The search engines want you to report spam, especially Google. Google has very stringent SEO guidelines when it comes to spam. To quote their Web page on reporting search engine spam:

"We work hard to return the most relevant results for every search we conduct. To that end, we encourage site managers to make their content straightforward and easily understood by users and search engines alike…Violating our Webmaster Guidelines by means such as hidden text, deceptive cloaking or doorway pages compromises the quality of our results and degrades the search experience for everyone."

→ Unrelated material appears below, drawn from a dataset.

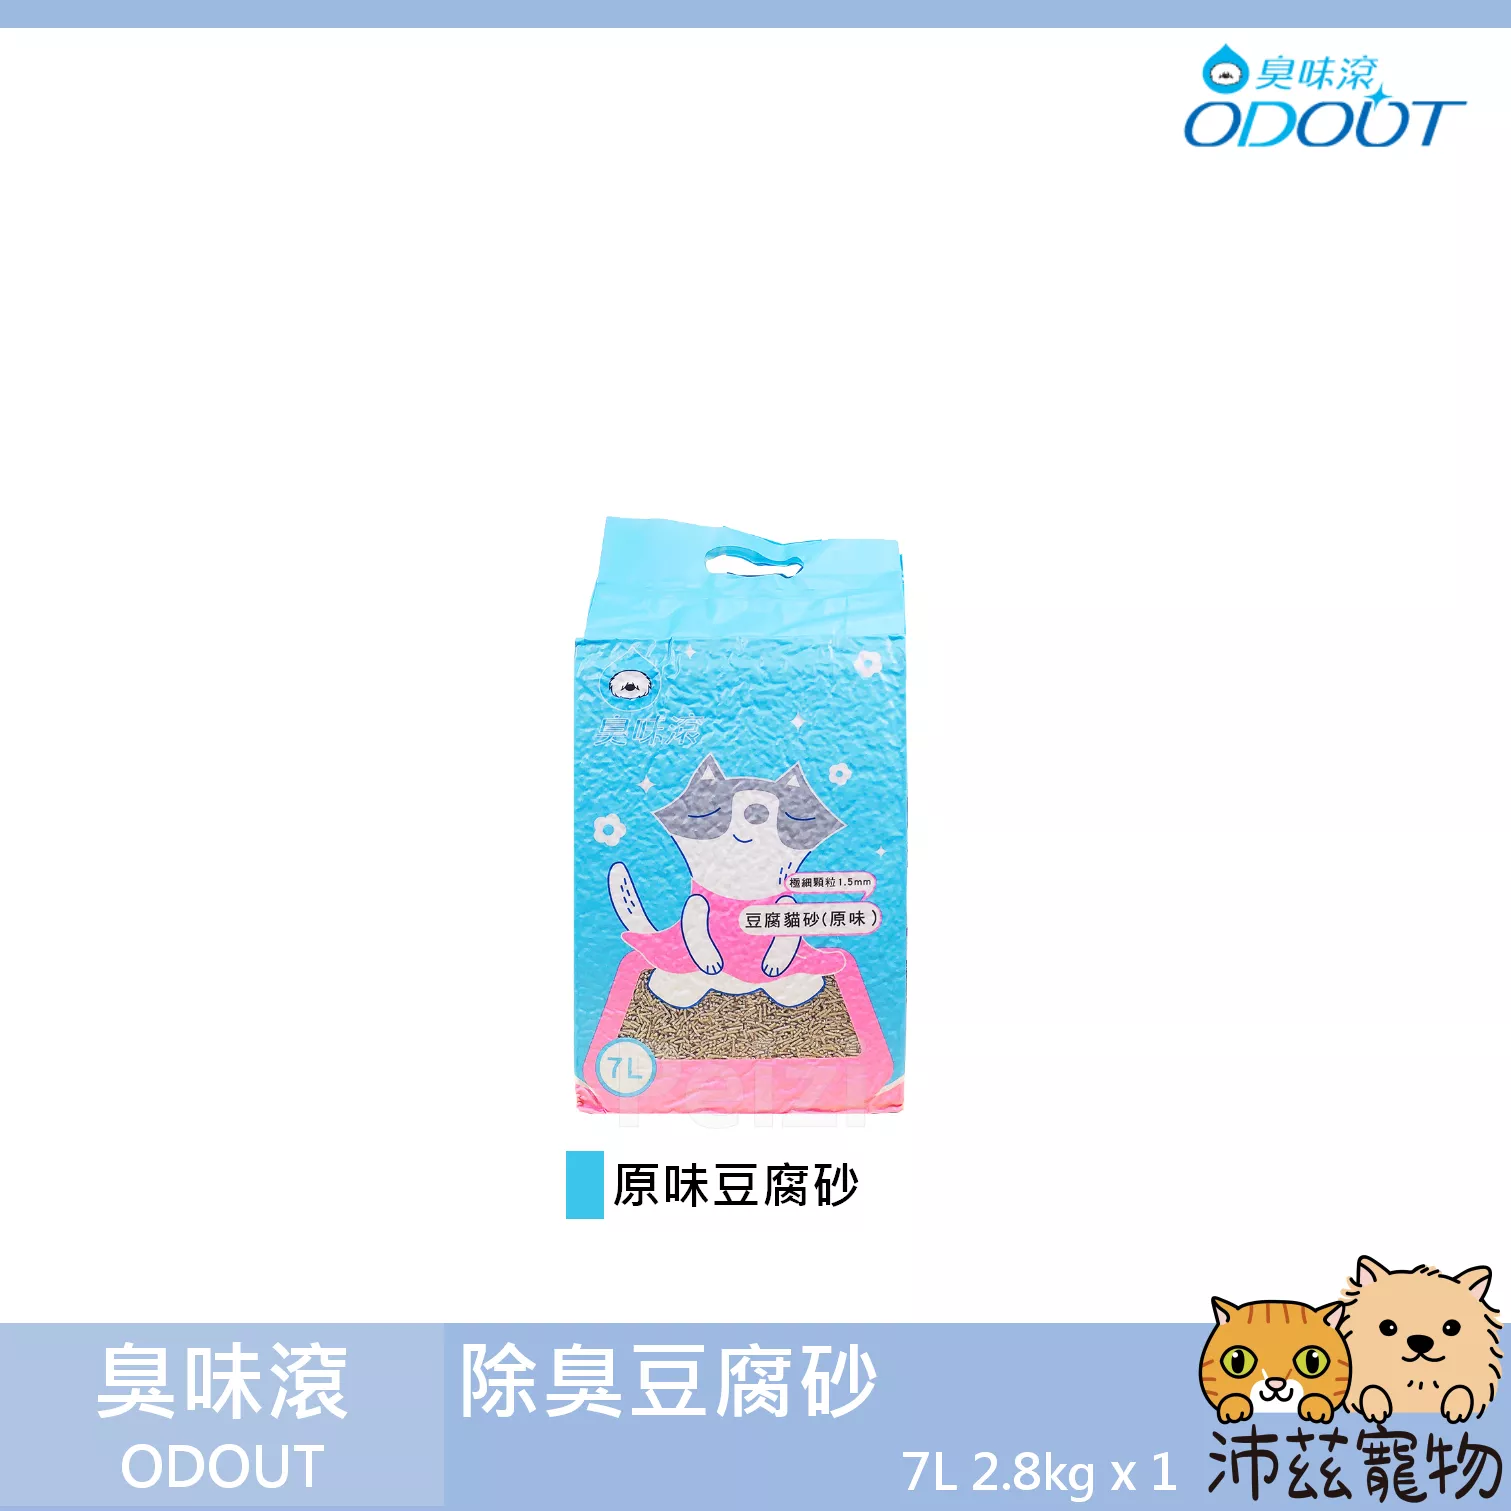 【臭味滾 ODOUT 除臭豆腐砂】極細 條狀 豆腐砂 貓砂 貓 沙 7L 2.8kg
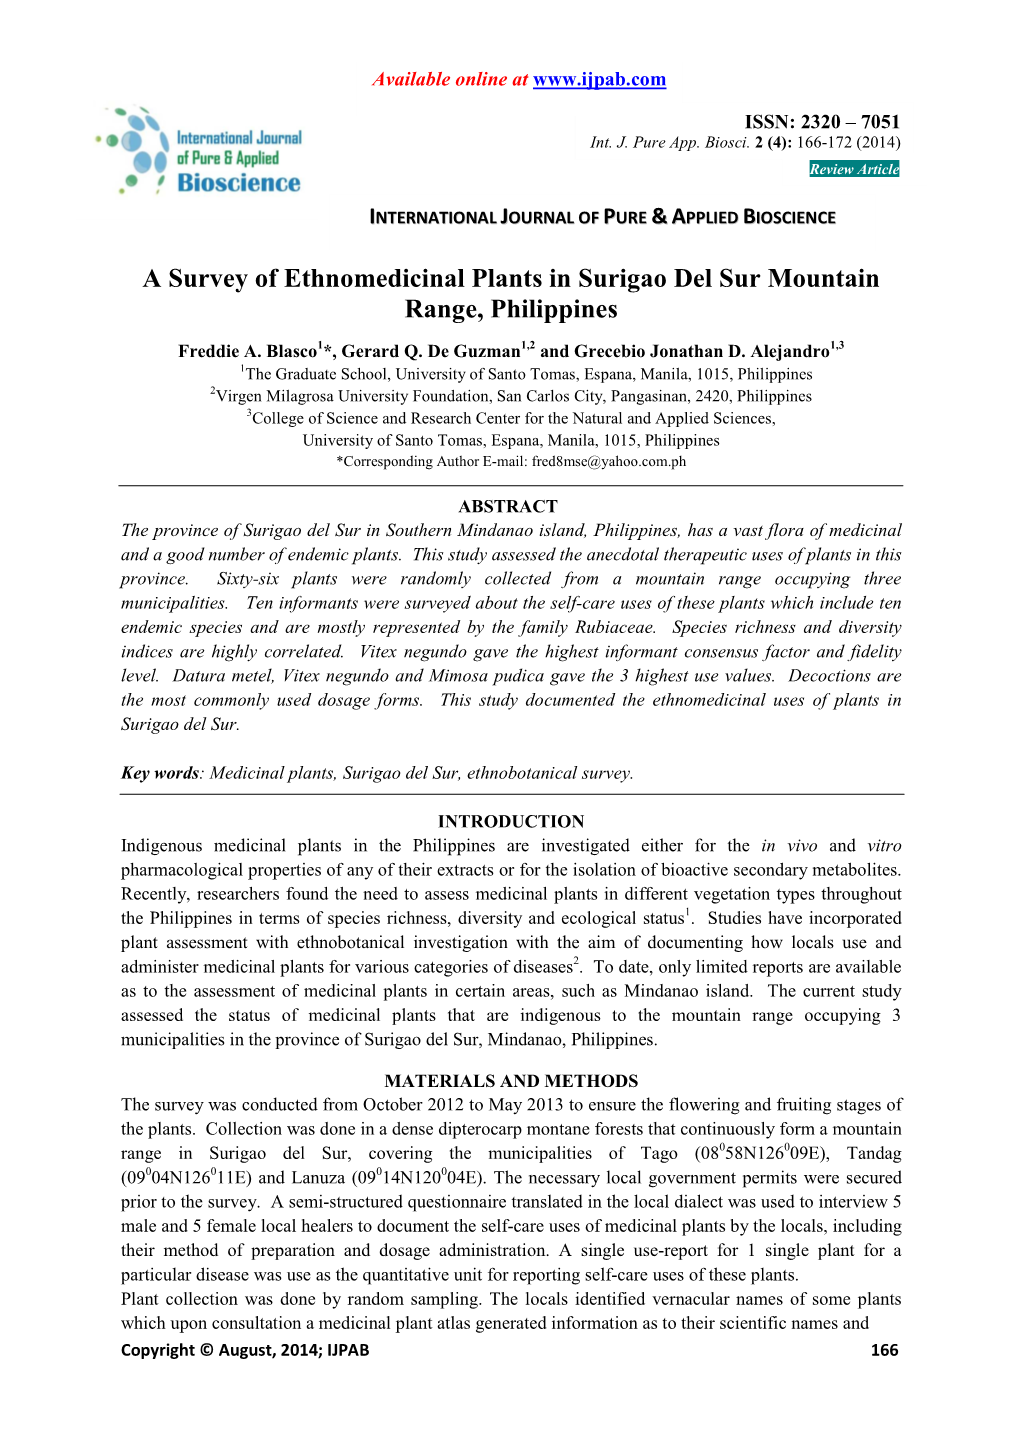 A Survey of Ethnomedicinal Plants in Surigao Del Sur Mountain Range, Philippines

Reporting a spam site is easy. The search engines have all have either sites or email addresses where you can report search engine optimisation spam techniques:

  • Google through spamreport@google.com or at the above linked page
  • Yahoo! through http://add.yahoo.com/fast/help/us/ysearch/cgi_reportsearchspam
  • Microsoft Live Search through http://feedback.search.msn.com
  • Ask through information@ask.com

If you do run across a site that contains any of the things talked about in this article, you can file a report with any of the search engines.